BEGIN Provided data

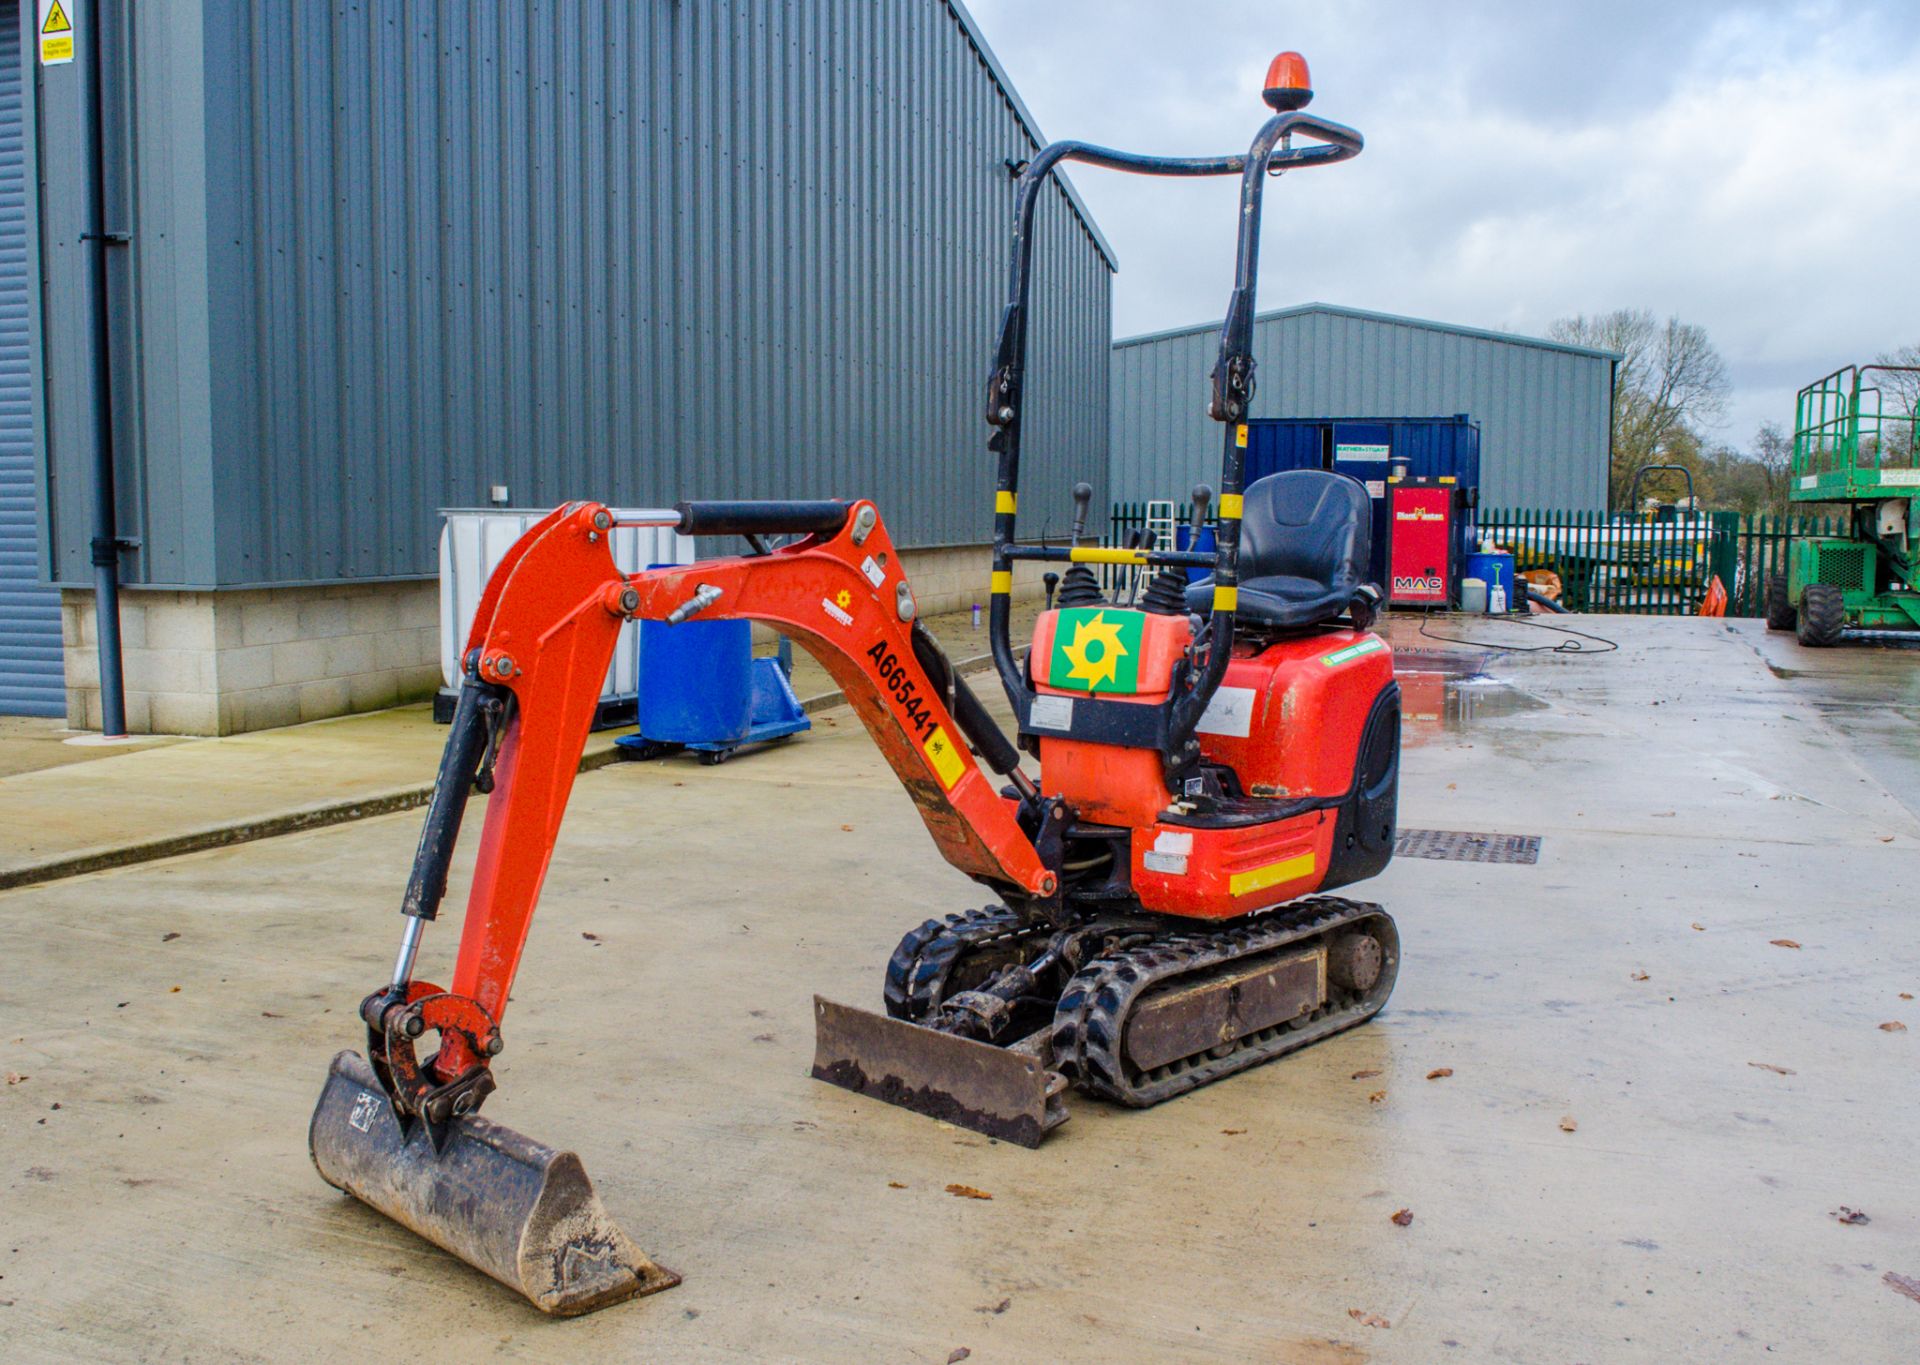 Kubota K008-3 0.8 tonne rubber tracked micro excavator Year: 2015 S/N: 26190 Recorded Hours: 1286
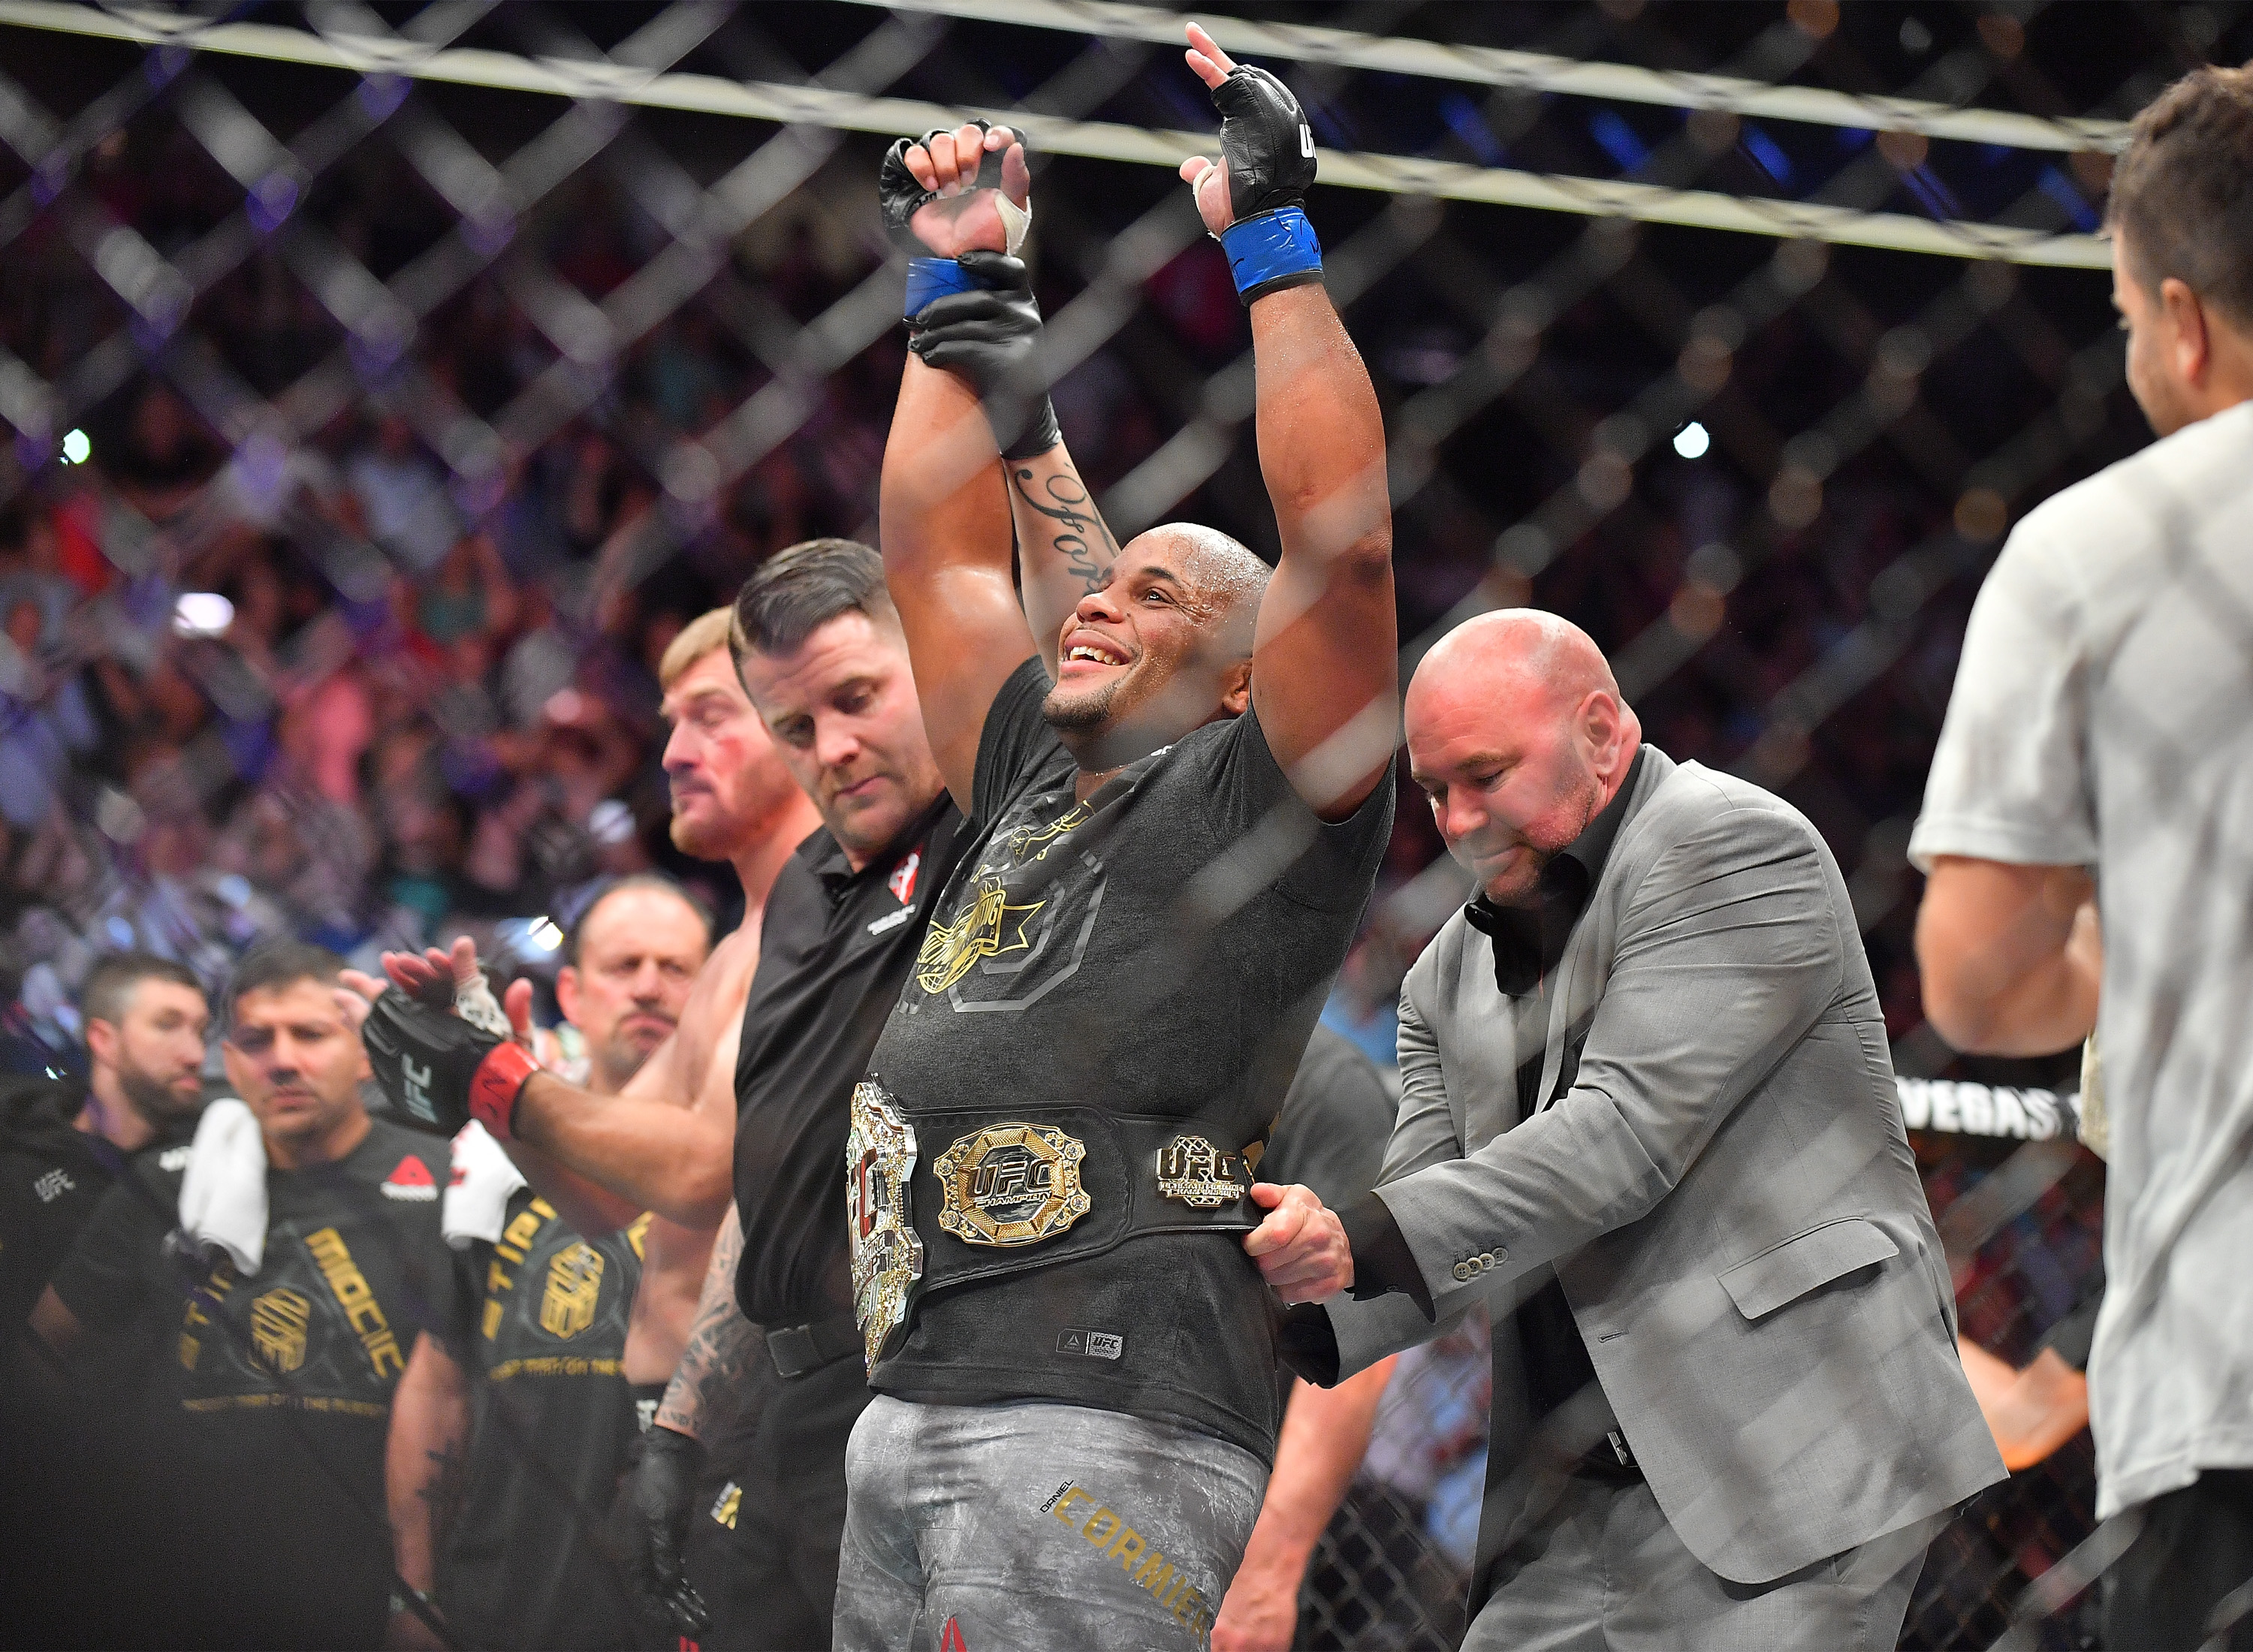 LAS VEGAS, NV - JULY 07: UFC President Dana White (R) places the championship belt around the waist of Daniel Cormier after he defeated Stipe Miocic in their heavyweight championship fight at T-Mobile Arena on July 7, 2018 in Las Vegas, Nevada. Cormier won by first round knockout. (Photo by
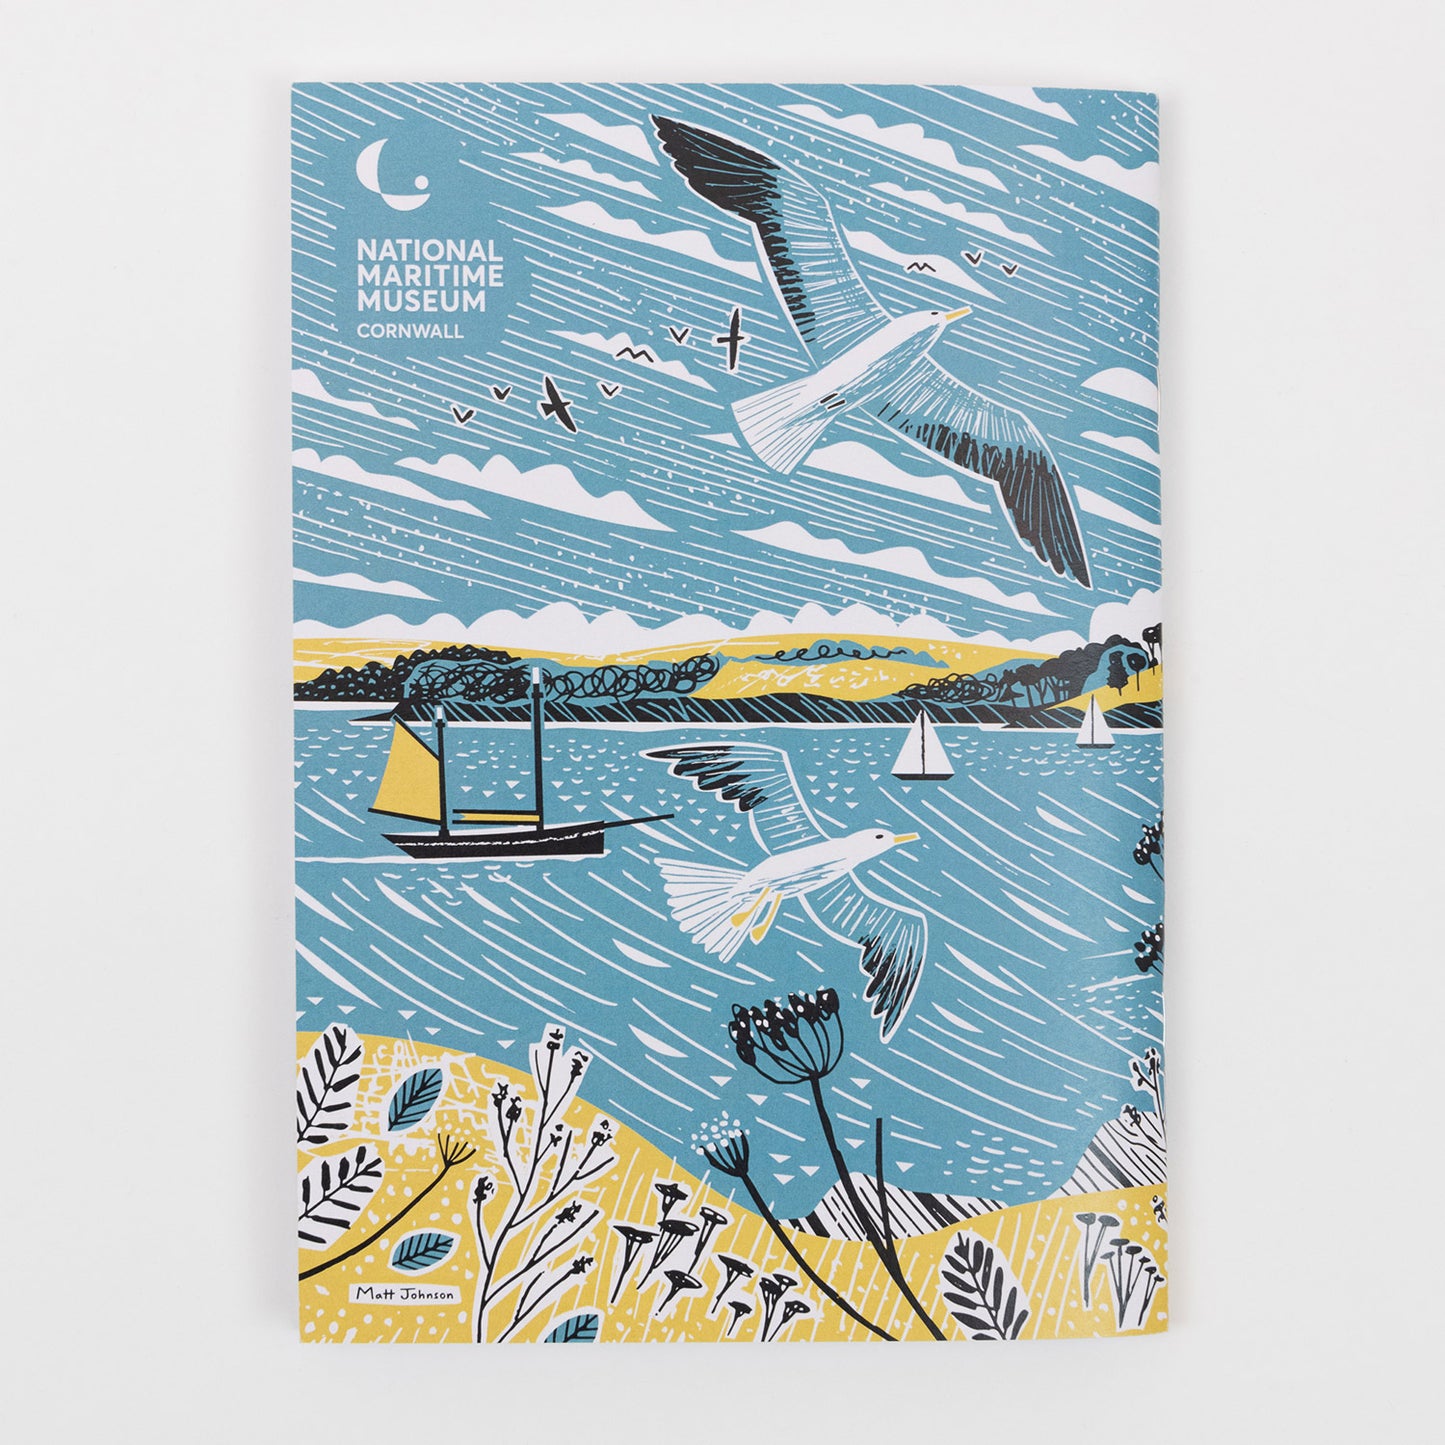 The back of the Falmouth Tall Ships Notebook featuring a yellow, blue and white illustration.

END Provided data

Task brief ▸ Would you copy all the material exactly, dropping the pictures?

Solution to this exercise ▸
 Kubota K008-3 0.8 tonne rubber tracked micro excavator Year: 2015 S/N: 26190 Recorded Hours: 1286
 LAS VEGAS, NV - JULY 07: UFC President Dana White (R) places the championship belt around the waist of Daniel Cormier after he defeated Stipe Miocic in their heavyweight championship fight at T-Mobile Arena on July 7, 2018 in Las Vegas, Nevada. Cormier won by first round knockout. (Photo by
 The back of the Falmouth Tall Ships Notebook featuring a yellow, blue and white illustration.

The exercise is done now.